### DATASET SECTION

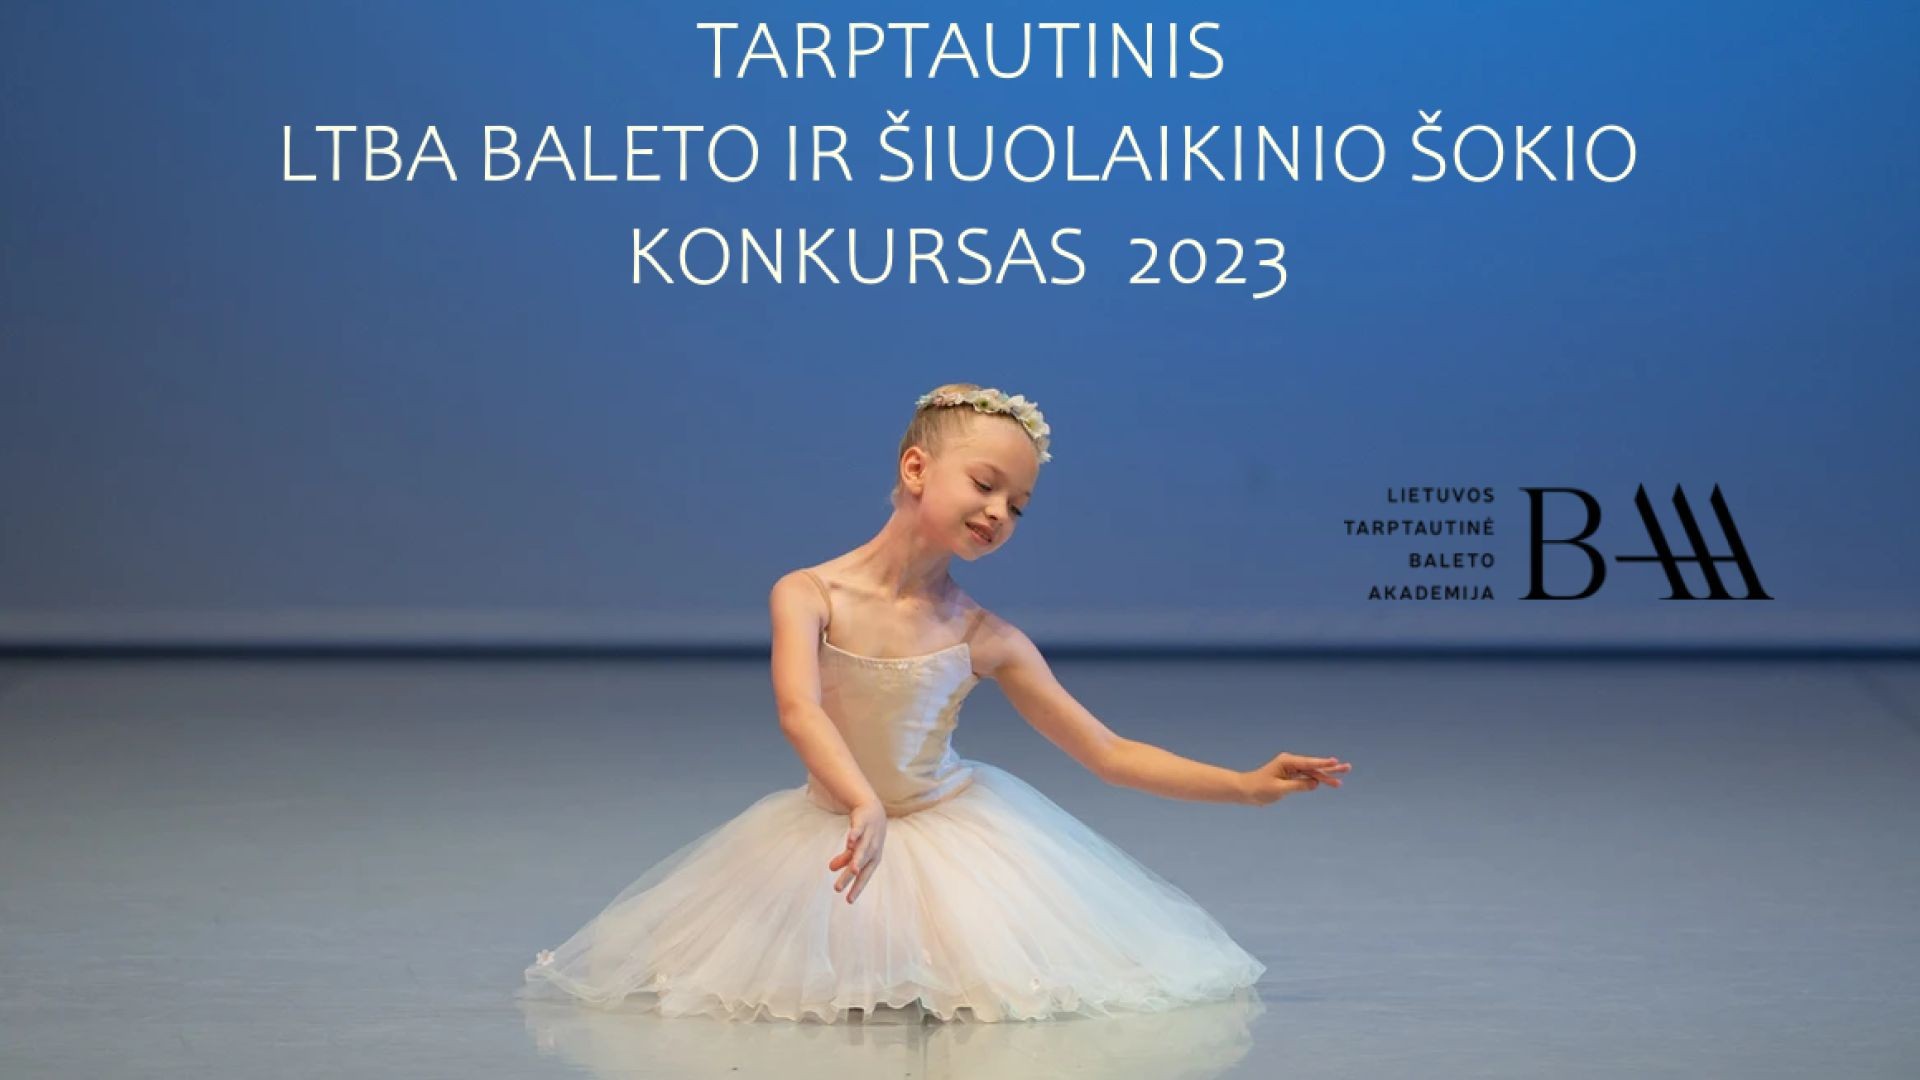 Tarptautinis LTBA baleto ir šiuolaikinio šokio konkursas 2023
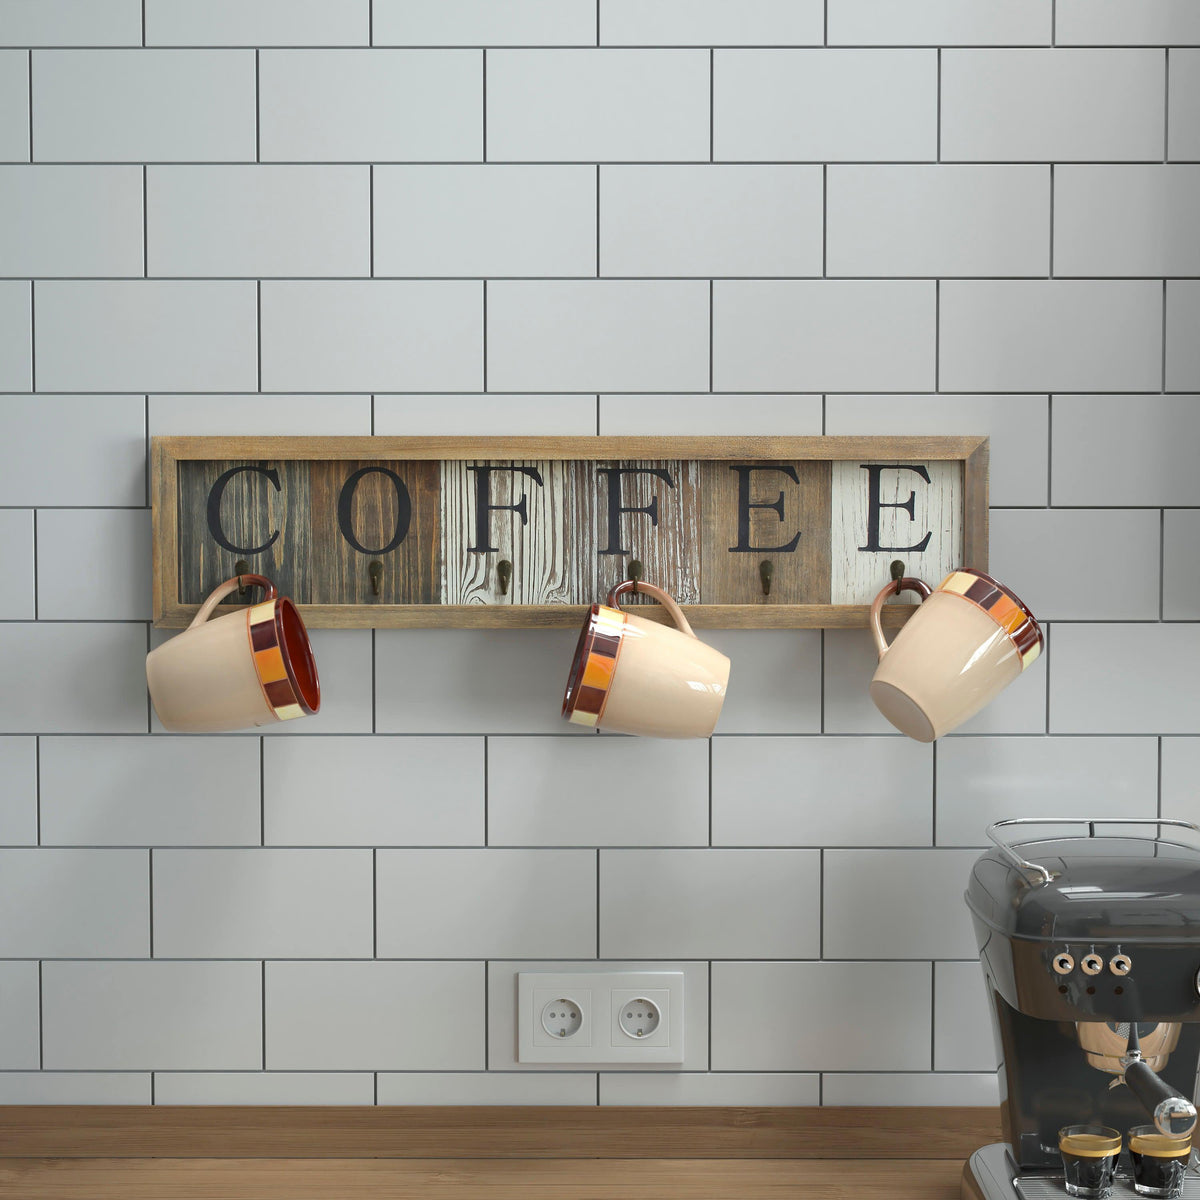 6 Cup Wall Mount Printed Coffee Mug Rack in Distressed Wood Grains
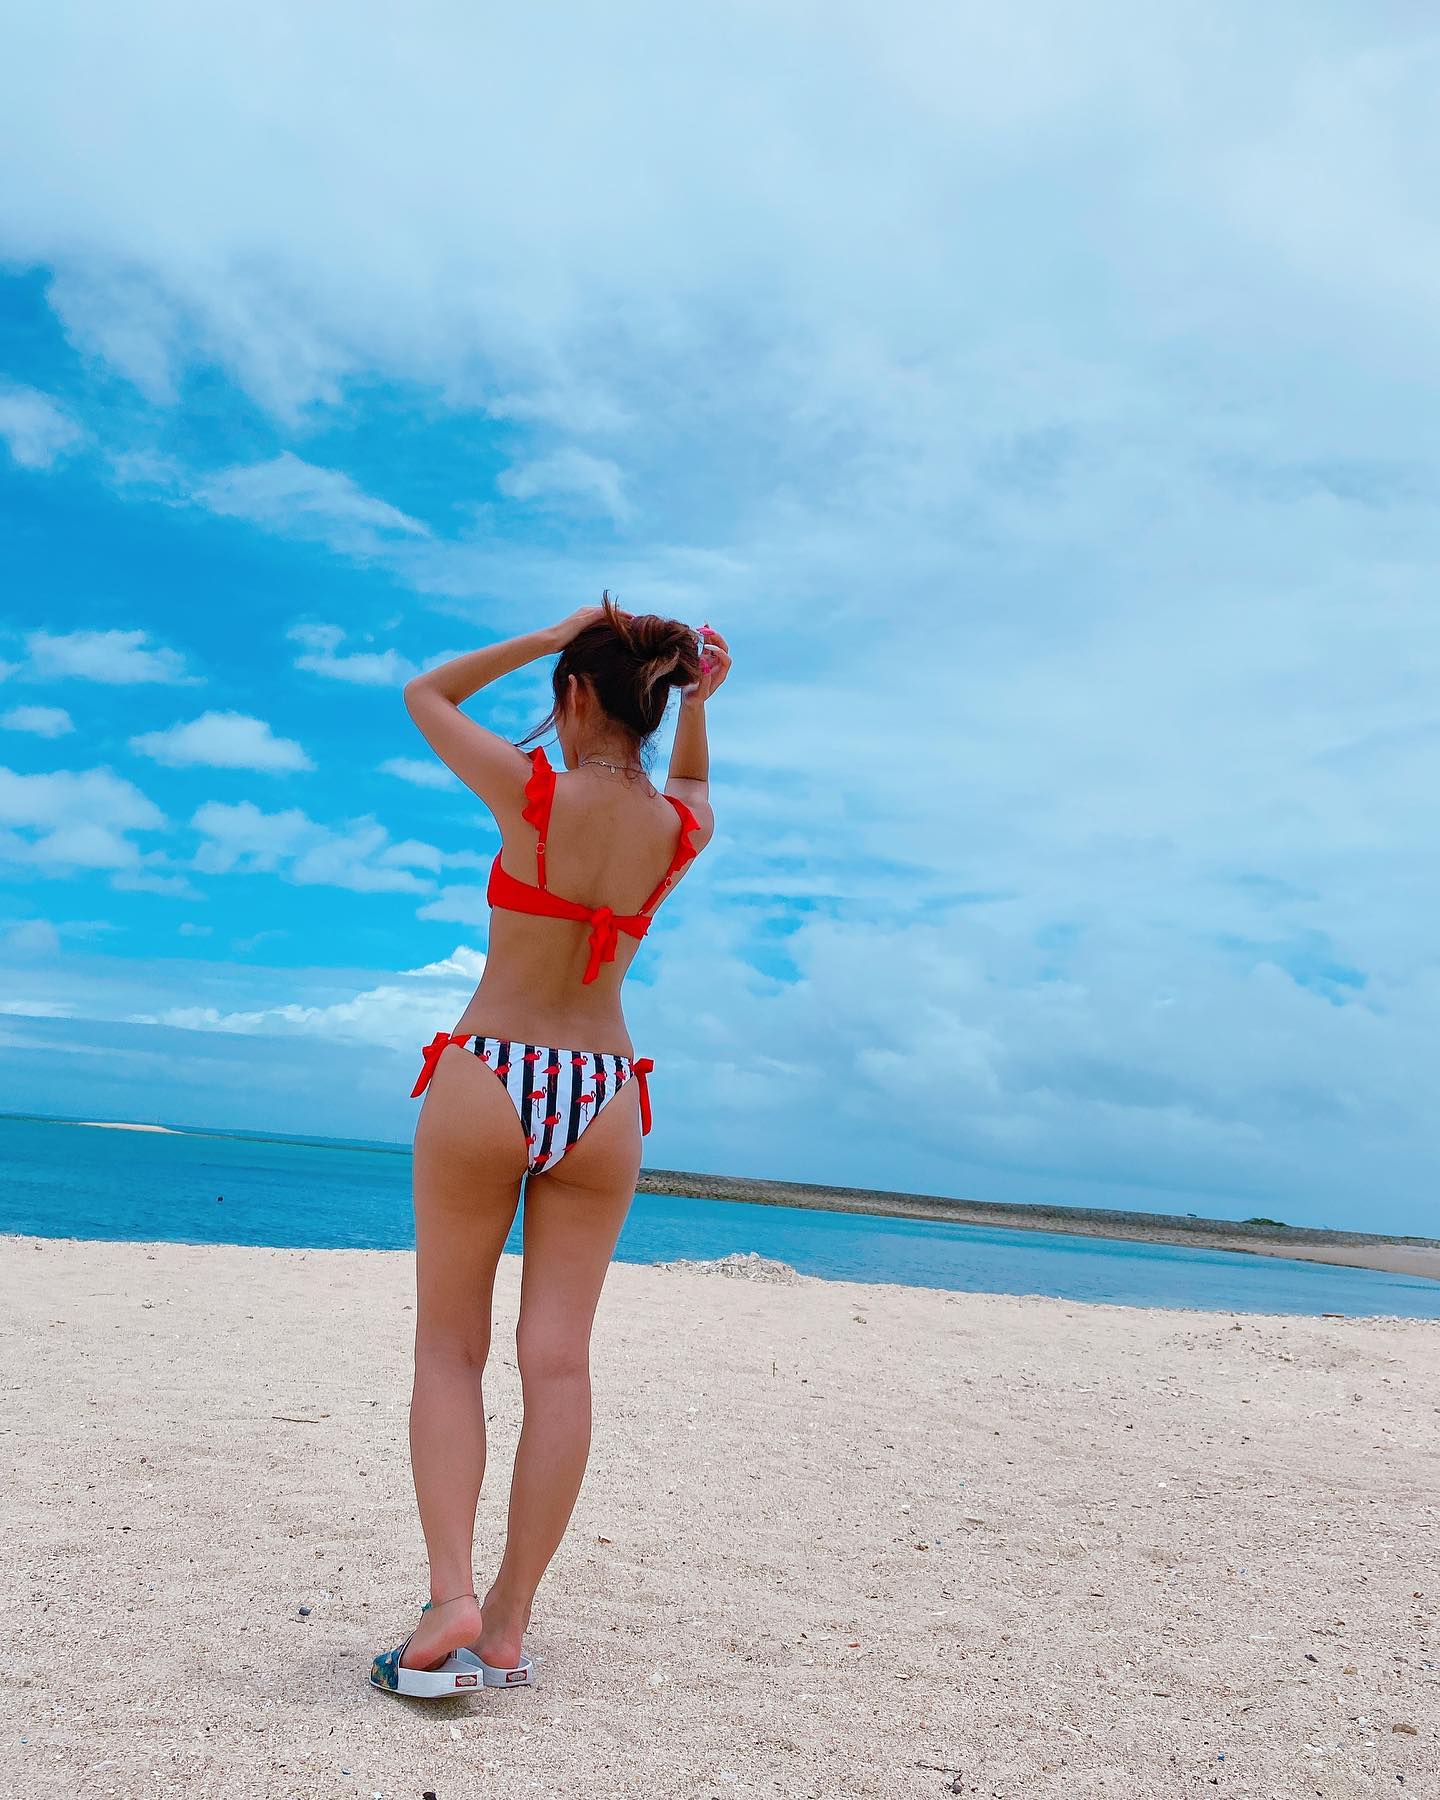 21 05 27 海 沖縄 Okinawa 沖縄旅行 沖縄観光 Okinawatrip Beachday Beachgirl Swimwear Bikini ビキニ Bikinigirl 比基尼 水着 水着ギャル ビキニギャル ビ 沖縄グラム Jp
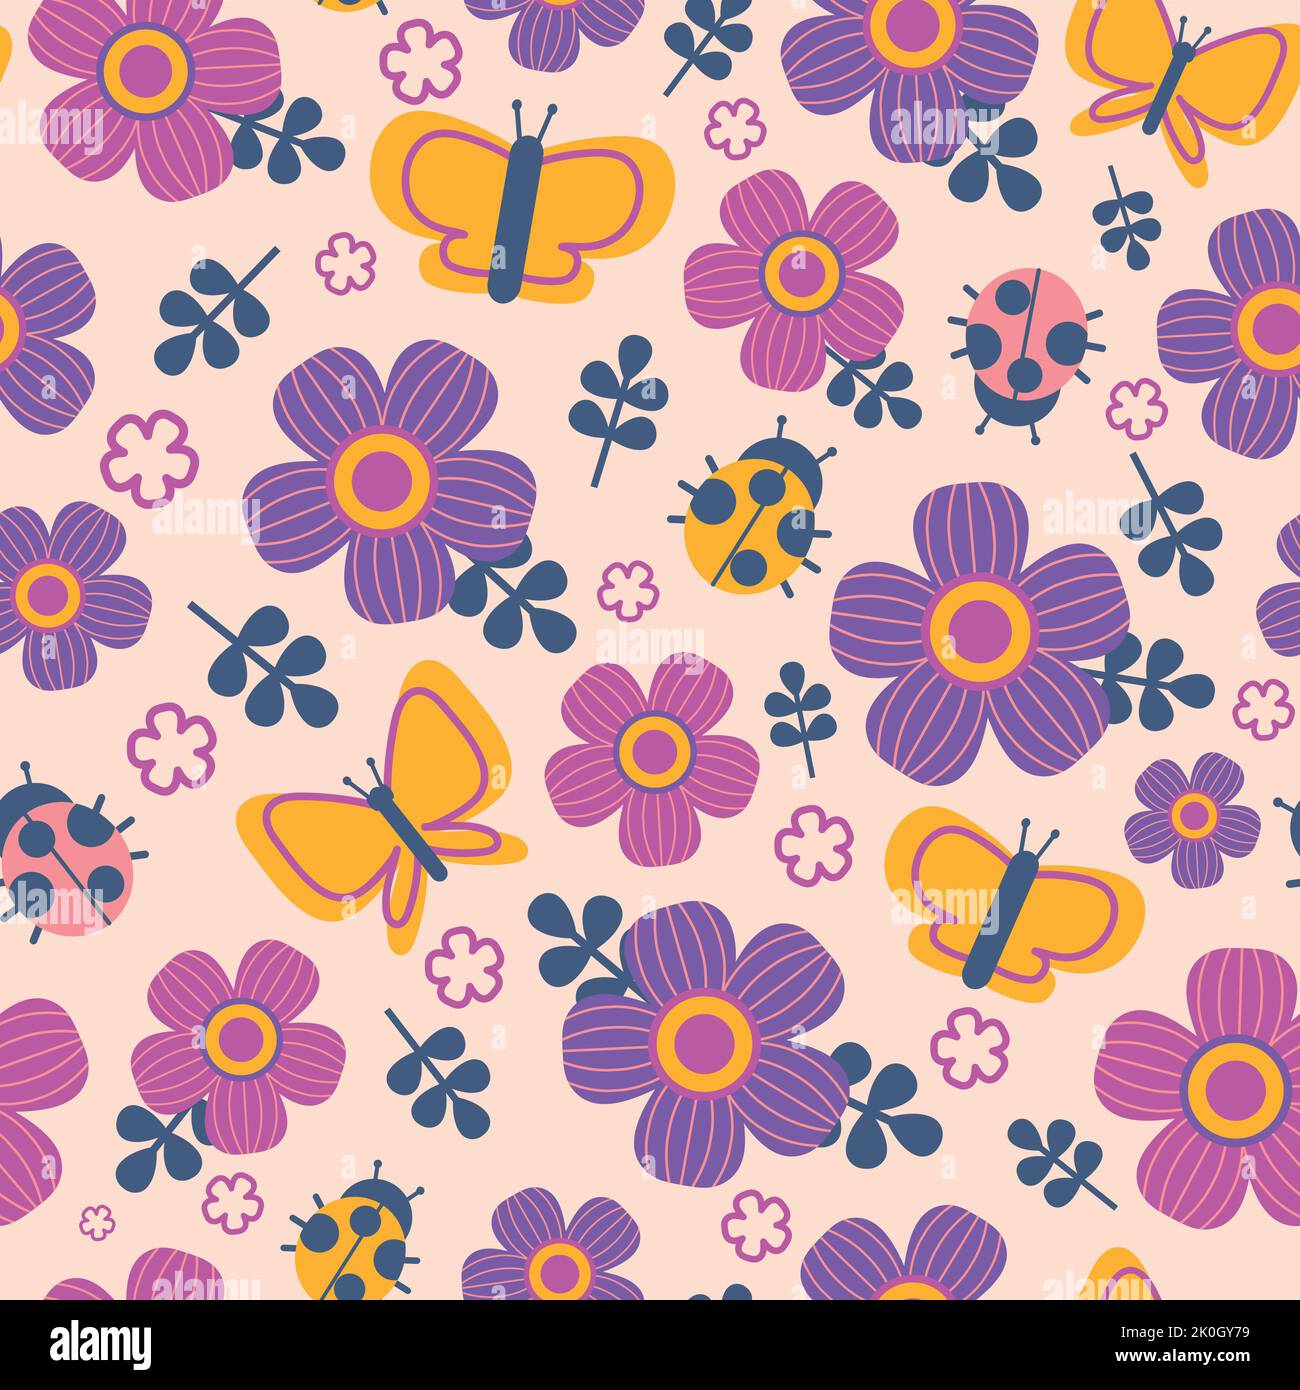 Blumen und Schmetterlinge Muster. Nahtloser Druck von niedlichen Cartoon bunte einfache Elemente, Sommergarten Blumen, Käfer und Schmetterlinge Kinder Stock Vektor

### WHAT IS REQUIRED
Pictures aside, write out verbatim every line from the first line of the material through the line holding "21 05 27 海 沖縄".

### SOLVED PROBLEM
 Tarptautinis LTBA baleto ir šiuolaikinio šokio konkursas 2023
 6 Cup Wall Mount Printed Coffee Mug Rack in Distressed Wood Grains
 21 05 27 海 沖縄 Okinawa 沖縄旅行 沖縄観光 Okinawatrip Beachday Beachgirl Swimwear Bikini ビキニ Bikinigirl 比基尼 水着 水着ギャル ビキニギャル ビ 沖縄グラム Jp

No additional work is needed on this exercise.